The shock absorbing structure 400 is made of a hollow member, and the hollow member has a structure in which an outer plate 410 and an inner plate 420 are connected by a truss 430. The outer plate 410 is orthogonal to form the outer corner portion 440, and the inner plate 420 is orthogonal to form the inner corner portion 442.

In the hollow shape member constituting the shock absorbing structure 400 of the present embodiment, the material of the region E ₁ including the outer corner portion 430 and the inner corner portion 432 is made of a softer material than the materials of the other regions E _2. Has been.
By providing this structure, it is possible to set the shock absorbing characteristics of the shock absorbing structure 400 to the required characteristics.

FIG. 6 is an explanatory view showing a fourth embodiment of the present invention.
The shock absorbing structure denoted as a whole by reference numeral 500 is a quadrangular prism-shaped member having a hollow quadrangular cross-sectional shape.
The shock absorbing structure 500 is made of a hollow member, and the hollow member has a structure in which an outer plate 510 and an inner plate 520 are connected by a truss 530. The outer plate 510 is orthogonal to form the outer corner portion 540, and the inner plate 520 is orthogonal to form the inner corner portion 542.

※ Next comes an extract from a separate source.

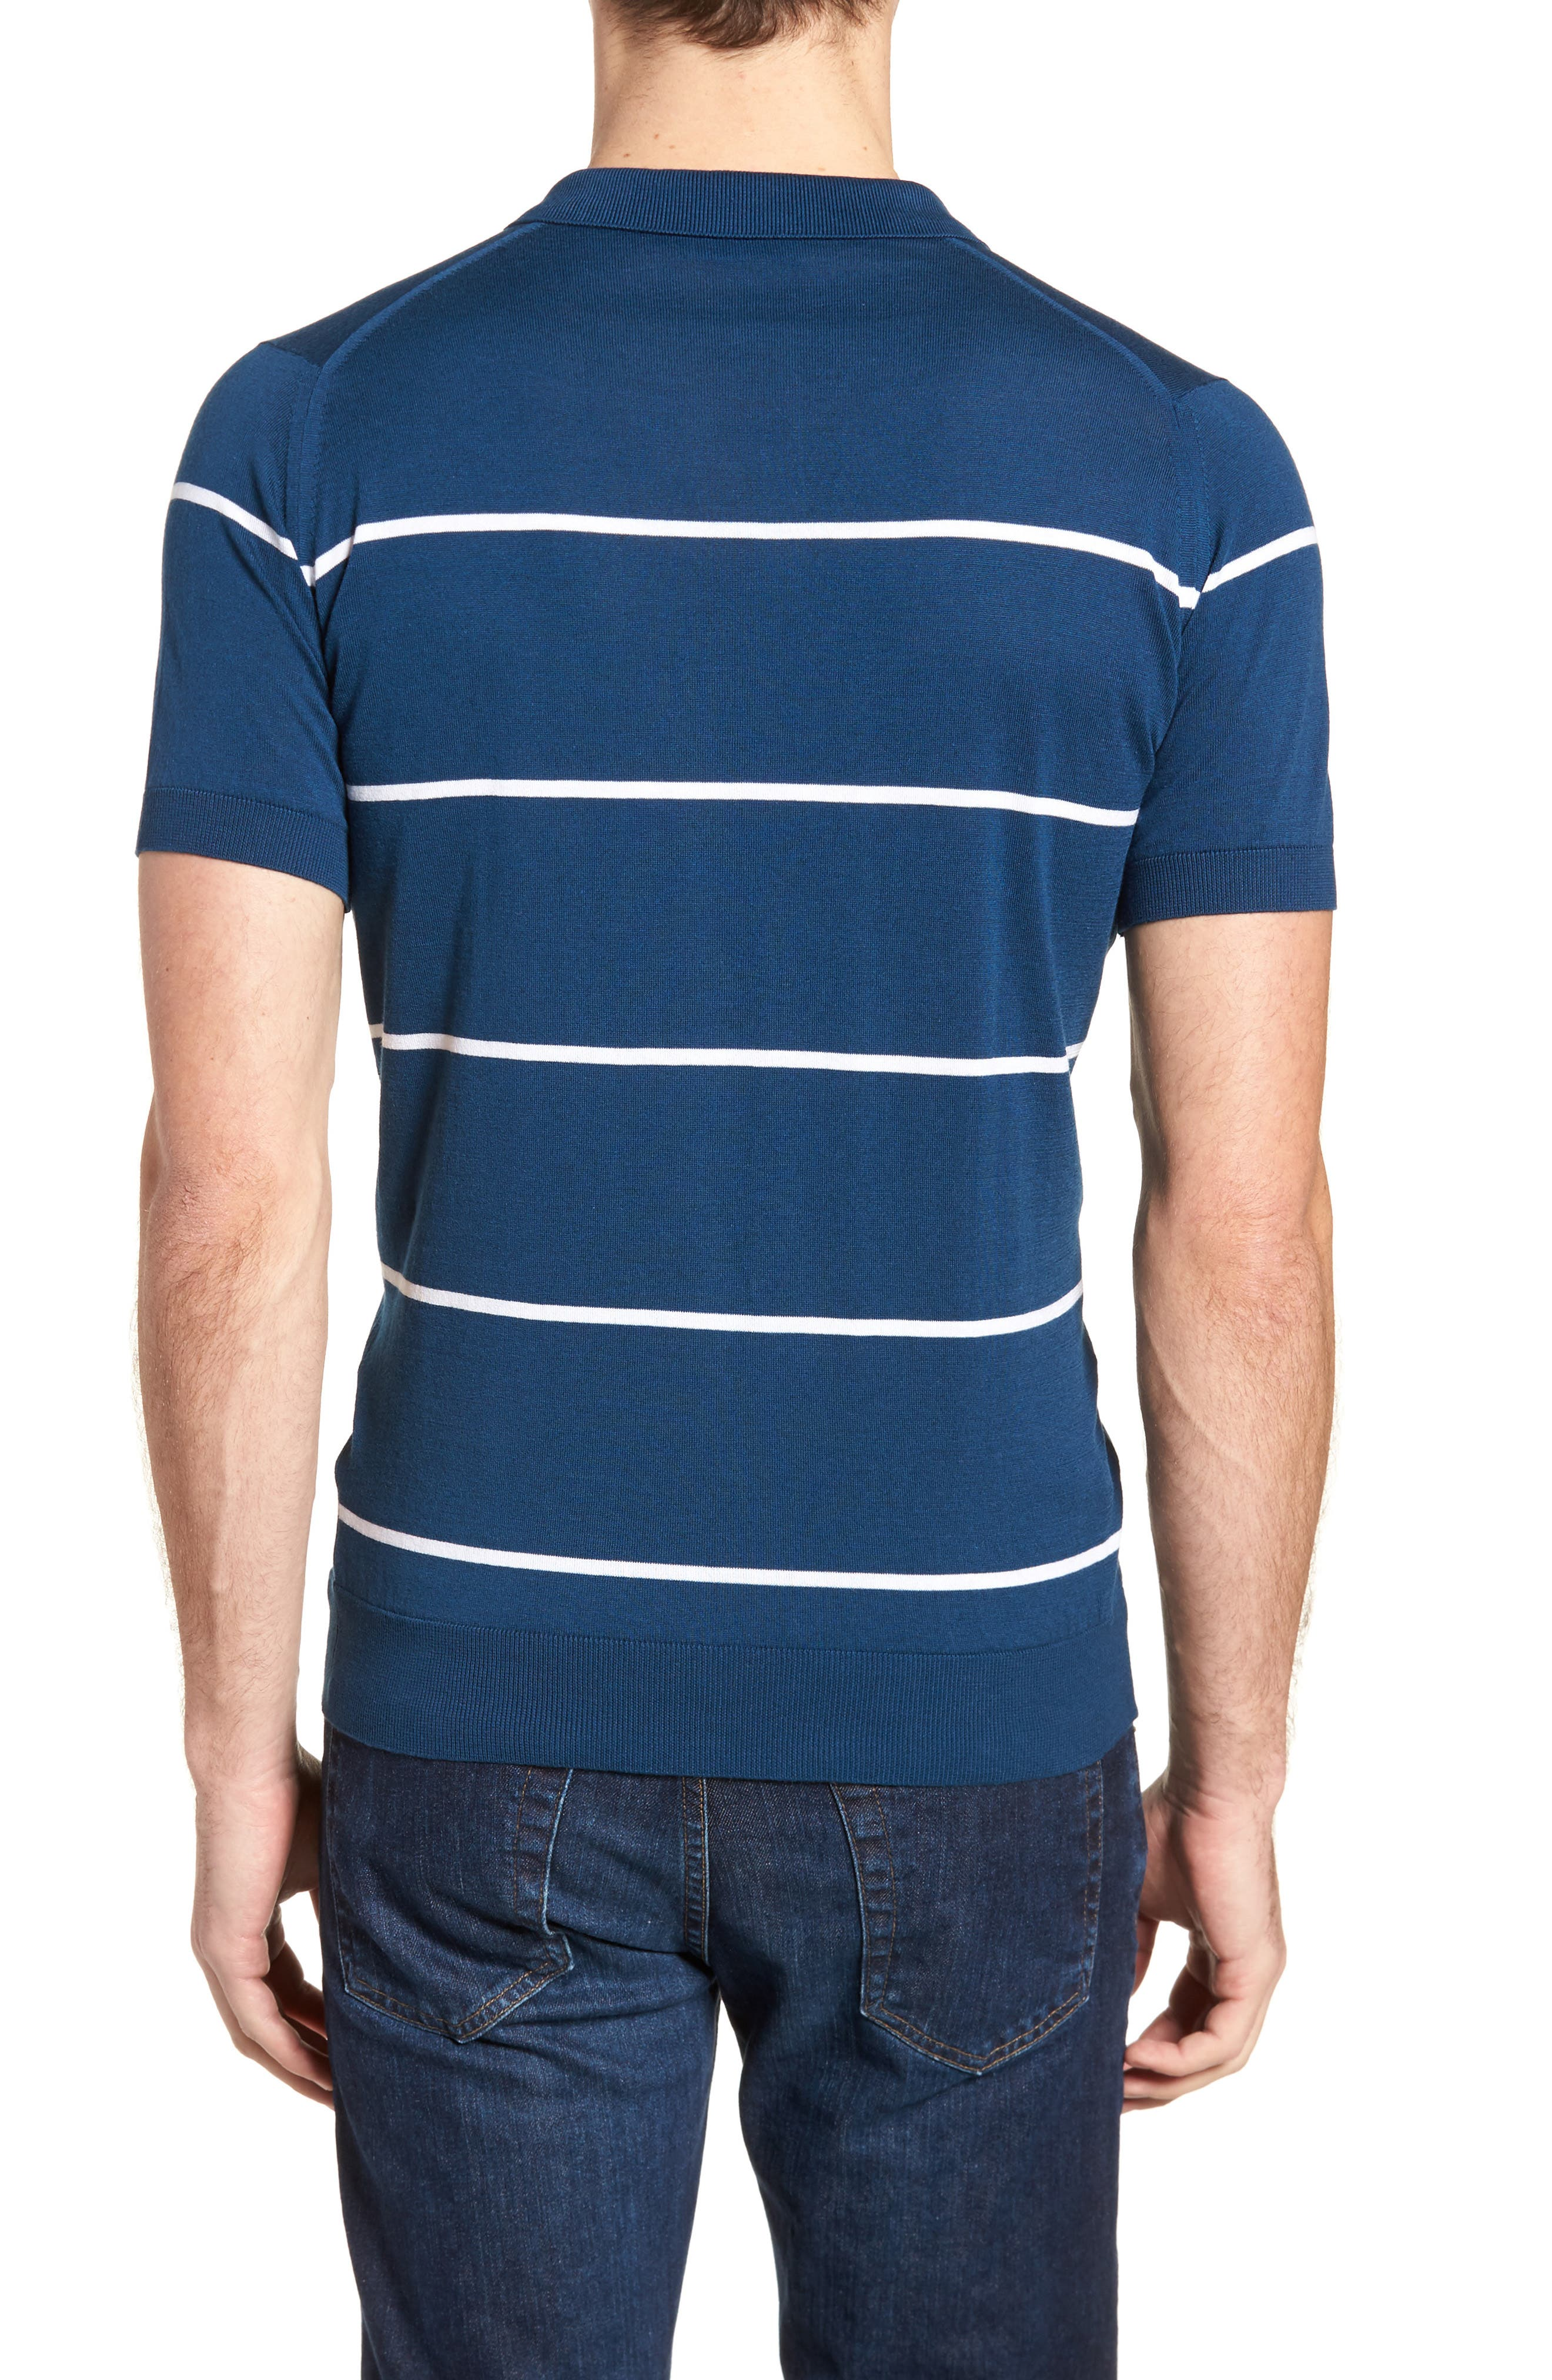 Alternate Image 2  - John Smedley Stripe Jersey Polo

  In the shock absorbing structure 500 of the present embodiment, a structure in which the reinforcing members 550 are overlapped on both surfaces of the central portion excluding the corners of the hollow shape member forming the four sides is adopted. The rigidity of the wall surfaces other than the corners of the absorption structure 500 is increased, and the shock absorption characteristics of the shock absorption structure 500 can be set to required characteristics.

FIG. 7 is an explanatory view showing a fifth embodiment of the present invention.
The shock absorbing structure generally indicated by reference numeral 600 is a quadrangular prism-shaped member having a hollow quadrangular cross-sectional shape.
The shock absorbing structure 600 is made of a hollow member, and the hollow member has a structure in which an outer plate 610 and an inner plate 620 are connected by a truss 630. The outer plate 610 is orthogonal to form the outer corner portion 640, and the inner plate 620 is orthogonal to form the inner corner portion 642.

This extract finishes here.